QUOTES

Nassim Taleb has been an early influence on my epistemological relationship with the world. While I painfully learned that some of his wisdom is just not meant to be translated into actions by myself, one idea (apart from Antifragility, which basically inspired my PhD topic) has found great application in my life: The Anti-library.

I own many books, and even more which I have not read yet. Sometimes I feel like I learned more from a book by not reading it. But there is one form of literature that I just can’t put out of my hands: poetry.

Now, I don’t necessarily like contemporary poetry. Once the writer tries to convince me of their position, I stop enjoying the read. Political poetry is political first of all – but while it is important to be political, I like my poetry to be poetry. However, there are writers who allow me to see through their well-wishing eyes. No strong messages, but the truth, which stays truthful whether you agree with them or not. Their words are like a still-life picture in which I can lose myself without being forced to change my opinion or take a strong stance.

My ongoing venture into Vedanta philosophy has provided me with access to great poets and a new understanding of their perspectives.  I will use this space to collect quotes (and sprinkle in a few wise words of non-poets) that remind me of a story or provide a greater truth on which one could contemplate without much burden.

Because that which is forced will never be forceful.​

d

William Cowper – desire
“Our dear delights are often such,
Exposed to view, but not to touch;
The sight our foolish heart inflames;
We long for pineapples in frames;
With hopeless wish one looks and lingers,
One breaks the glass, and cuts his fingers;
But they whom Truth and Wisdom lead,
Can gather honey from a weed.”

f

Kahlil Gibran – friendship
“And let the best be for your friend.
If he must know the ebb of your tide, let him know its flood also.
For what is your friend that you should seek him with hours to kill?
Seek him always with hours to live.
For it is his to fill your need, but not your emptiness.”

g

Victor Hugo – giving
“Life is to give, not to take.”

Kahlil Gibran – giving
“And there are those who give and know not pain in giving, nor do they seek joy, nor give with mindfulness of virtue; they give as in yonder valley the myrtle breathes its fragrance into space.”

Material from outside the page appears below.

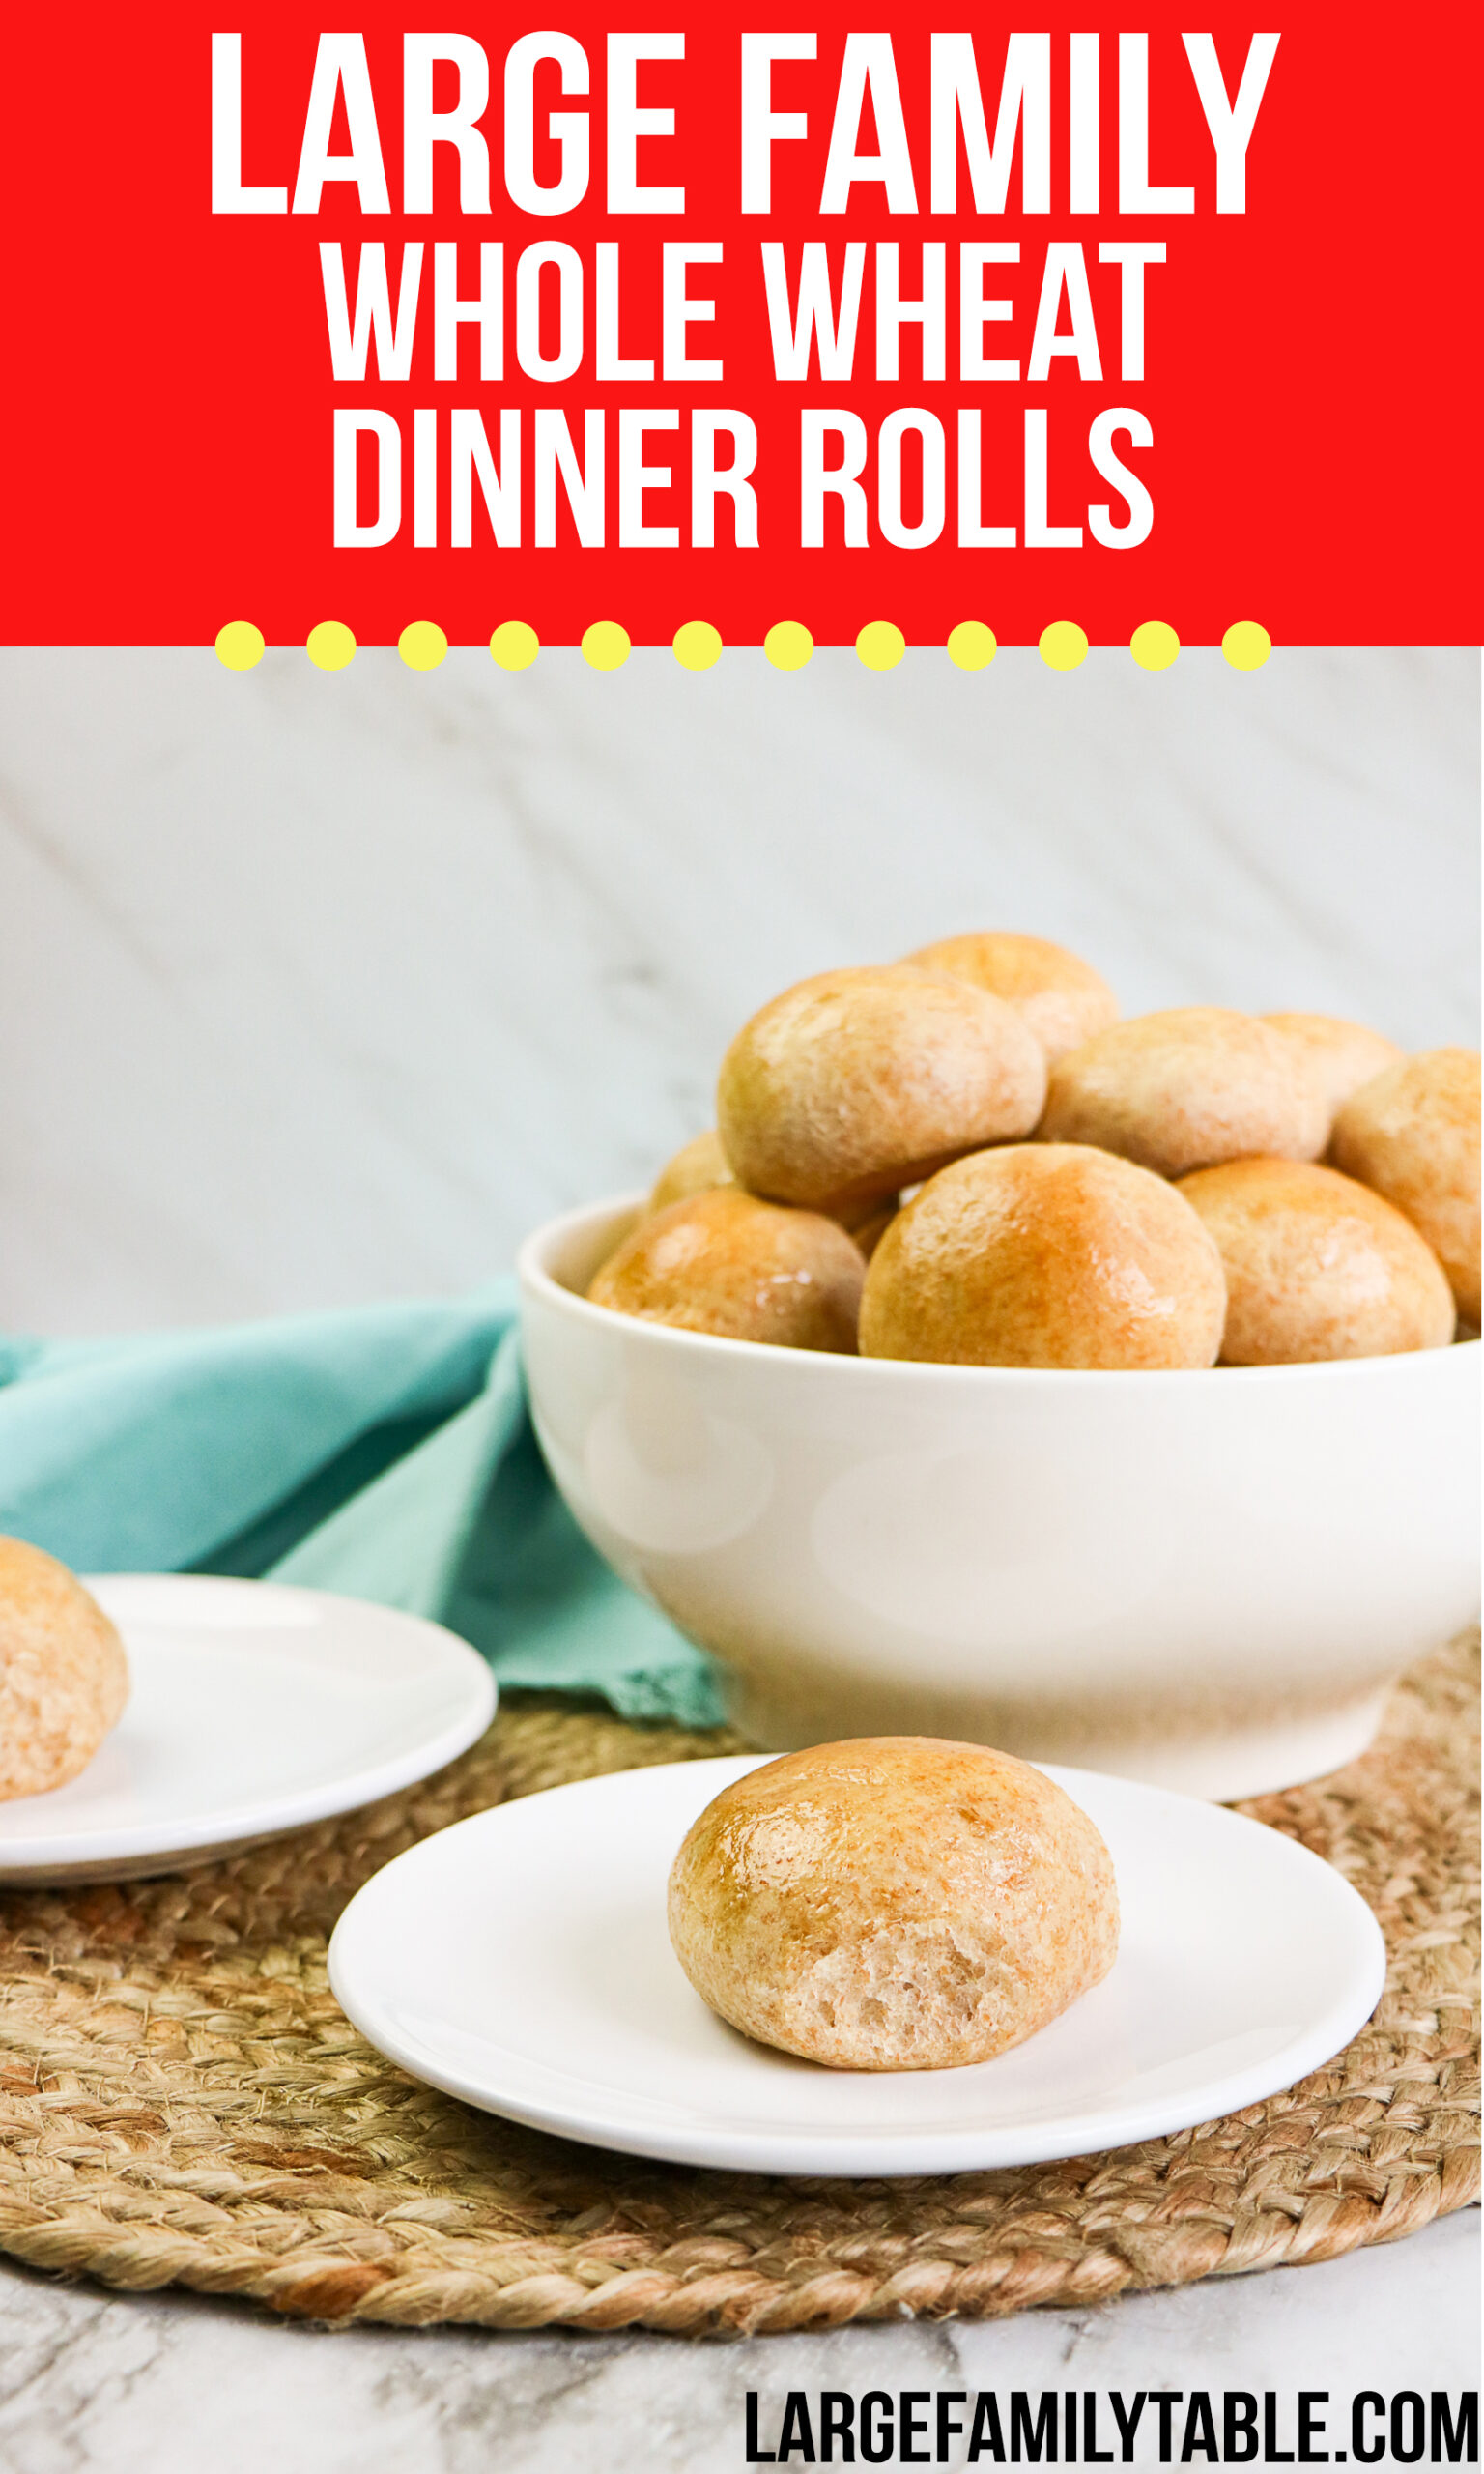 Large-Family-Whole-Wheat-Dinner-Rolls

Edward Wallis Hoch – good and bad
“There is so much good in the worst of us,
and so much bad in the best of us,
that it ill behooves any of us
to talk about the rest of us.”

Shakespeare – good and bad
“There’s nothing either good or bad but thinking makes it so.”

h

Drew Pinsky – health
“Health is about accepting and perceiving and dealing with reality on realties terms.”

Malcolm X – health
“When ‘I’ becomes ‘WE’, Illness becomes Wellness.”

i

Eli Wiesel – indifference
“I believe that a person who is indifferent to the suffering of others is complicit in the crime. And that I cannot allow, at least not for myself. The opposite of love is not hate, it’s indifference.”

l

Herbert Spencer – learning
“If I were as big as a reader as others, I should have been as big an ignoramus as others.”

Michael Scott – lighthearted
“Would I rather be feared or loved? Easy, both: I want people to be afraid of how much they love me.”

r/jokes – lighthearted
“A plateau is the highest form of flattery.”

p

Ernst von Glasersfeld – perception
“Believing is seeing.”

Oliver Wendell Holmes – perspective
“For him in vain the envious seasons roll,
Who bears eternal summer in his soul.”

Alejandro Jodorowski – perspective
“Birds born in a cage think flying is an illness.”

Felix Lewandowski – perspective
“Always be open for a pleasant surprise.”

Mike Slade – perspective
“All conversations are interrupted conversations.”

“Hanlons razor” – principle
“Never attribute to malice that which is adequately explained by stupidity.”

Comment on “Hanlons razor” by my Vedanta class – principle
“Never attribute to bad intentions that which is adequately explained by the lack of applied intellect.”

r

Juliana of Norwich – resilience
“He said not ‘Thou shalt not be tempested, thou shalt not be travailed, thou shalt not be dis-eased’; but he said, ‘Thou shalt not be overcome’.”

s

Bob Ross – sadness
“Gotta have opposites, light and dark and dark and light, in painting. It’s like in life. Gotta have a little sadness once in a while so you know when the good times come. I’m waiting on the good times now.”

Bhagavad Gita VI Verse 6 – self-development
“Let man lift himself by himself, let him not lower himself; his self alone is his friend, his self alone is his enemy.”